Platner Declares Mills Finished in Maine Democratic Primary Showdown

Platner Declares Mills Finished in Maine Democratic Primary Showdown

Graham Platner, a 41-year-old oyster farmer and progressive darling, is signaling to donors that his primary battle against Maine Gov. Janet Mills is essentially over, despite voting still two months away.

The Platner campaign sent a memo Thursday claiming he holds a commanding lead, with internal polling showing him ahead by as much as 38 percentage points. The campaign framed its message clearly: the primary battle is won, now comes the real fight.
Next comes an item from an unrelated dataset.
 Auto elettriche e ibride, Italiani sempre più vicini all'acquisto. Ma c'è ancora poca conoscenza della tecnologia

"Another day, another poll with Graham up big in the primary," campaign manager Ben Chin wrote in the memo. "We're feeling emboldened."
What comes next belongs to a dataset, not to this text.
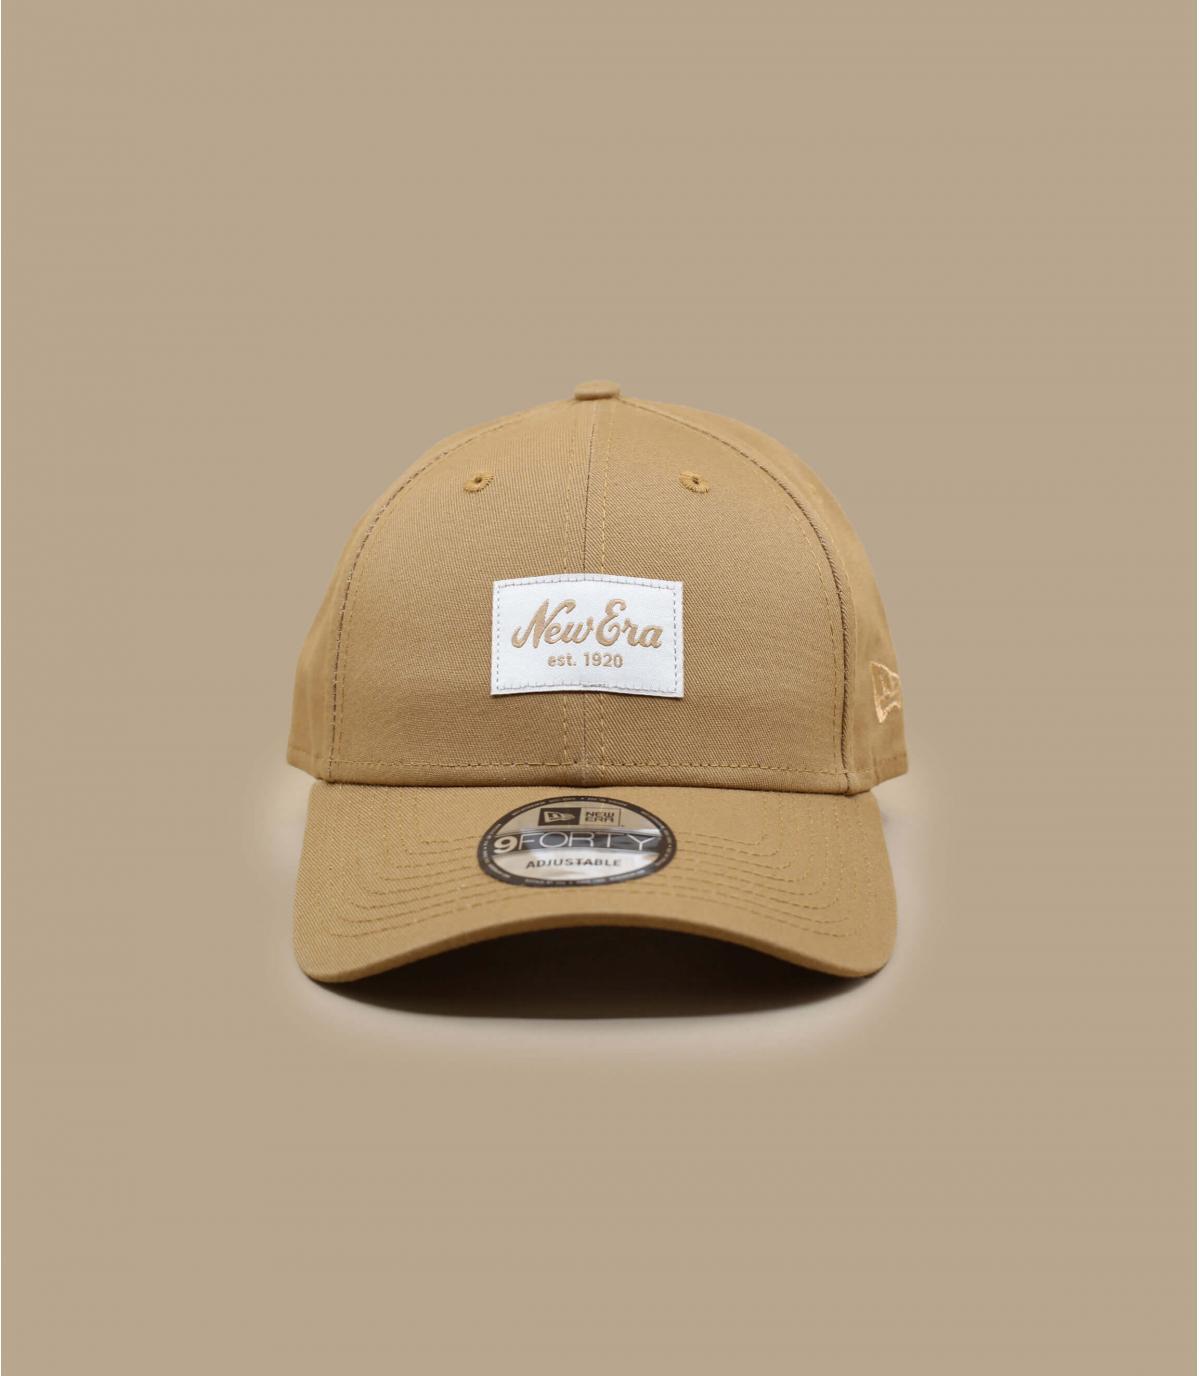 casquette New Era beige

The pivot is striking. Platner's team told allies it is ramping up for a general election matchup while easing off primary spending. Chin wrote: "While we aren't taking our foot off the gas in the primary, we're shifting gears and going full steam ahead into the general."
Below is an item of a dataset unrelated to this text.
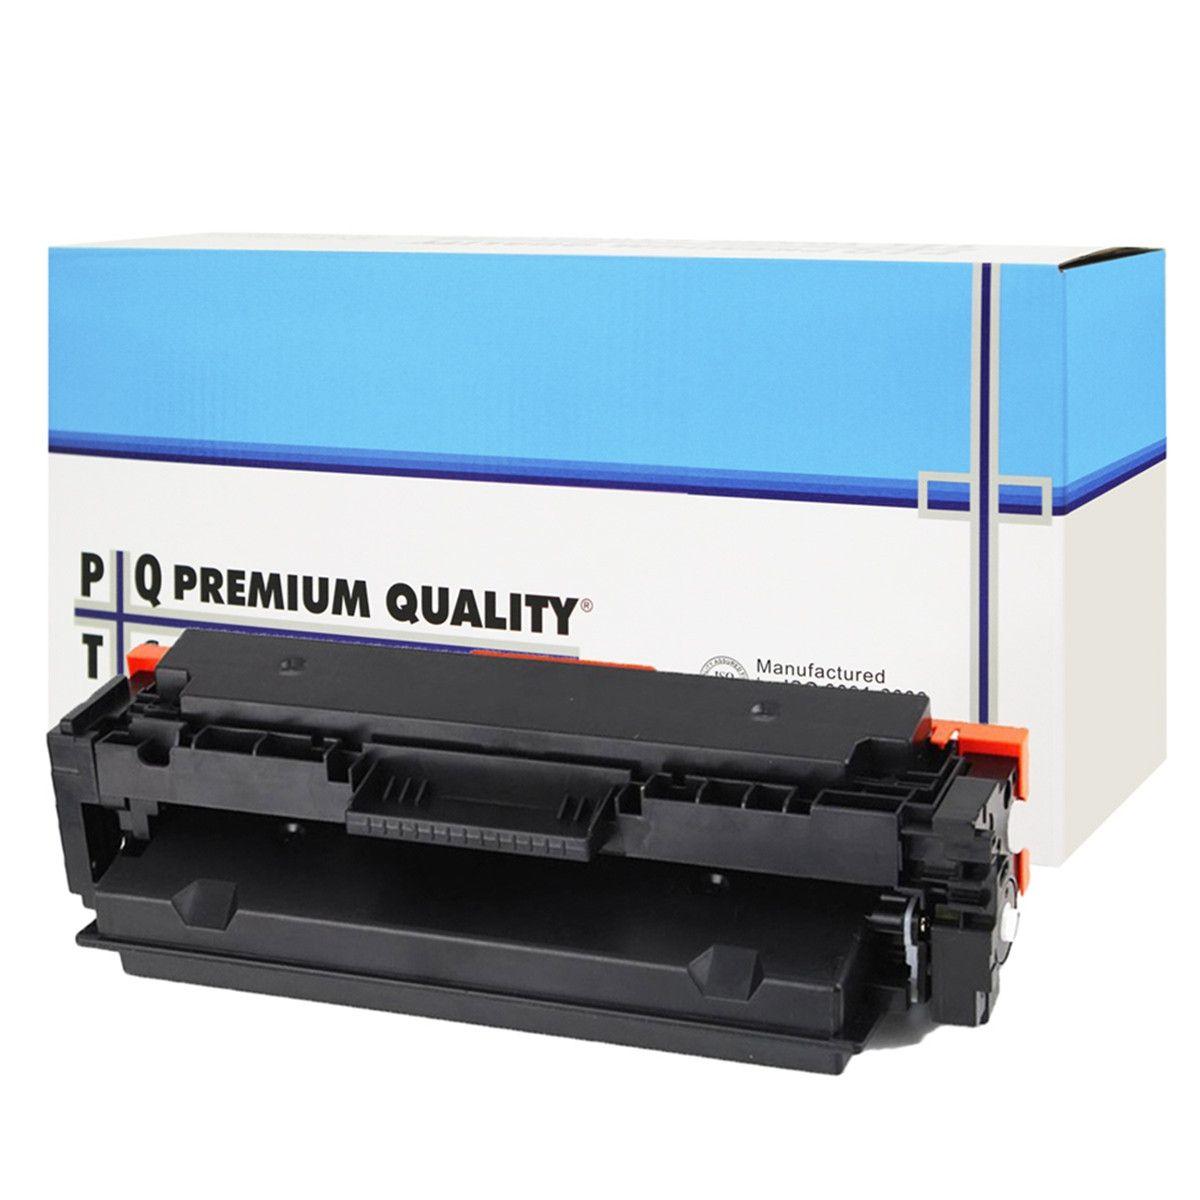 TONER HP CF411A M452 M477 CY 2.3K - COMPATIVEL PREMIUM

The race has become one of the messiest Democratic primaries nationally, pitting a progressive backed by Sen. Bernie Sanders against a two-term governor with backing from Senate Minority Leader Chuck Schumer. The contrast cuts along lines of age, gender, and ideology.

Mills, 78, has taken the opposite approach, going negative hard. She has aired television ads featuring women criticizing controversial social media posts Platner made about rape years ago. The strategy reflects how much ground she appears to have lost.

Platner's memo contains a subtle but unmistakable reading of the negative ad campaign: it is not working. The polling figures Platner references were conducted after Mills' spots had run for three weeks, suggesting the attacks have failed to move voters.

The memo cited three recent surveys, a mix of public and private polls, with one paid for by Platner's campaign itself. All showed him with commanding margins.

Mills' camp offered a defiant response. "Republicans are foaming at the mouth to run against Graham Platner," said her Senate campaign spokesperson Tommy Garcia. "Plenty of people have tried to count Janet Mills out in her career, and they've been wrong every time."

Republican Sen. Susan Collins, who will face the Democratic nominee in November, has positioned herself as ready for either opponent. Her spokesman Shawn Roderick said Collins is "prepared to run a substantive, issues-oriented campaign regardless of who the opponent is."

Platner's team is already aiming fire at Collins, with new television ads launching and more scheduled in the coming weeks. Simultaneously, the campaign is removing its response ad to Mills' attacks, with a previous commercial showing Platner expressing regret over his old comments having already come off the air.

The campaign is also reorganizing its field operation to chase independent voters, planning town halls in conservative areas, and producing content featuring Platner speaking directly with Republicans. A debate with Mills before the June 9 primary is still scheduled.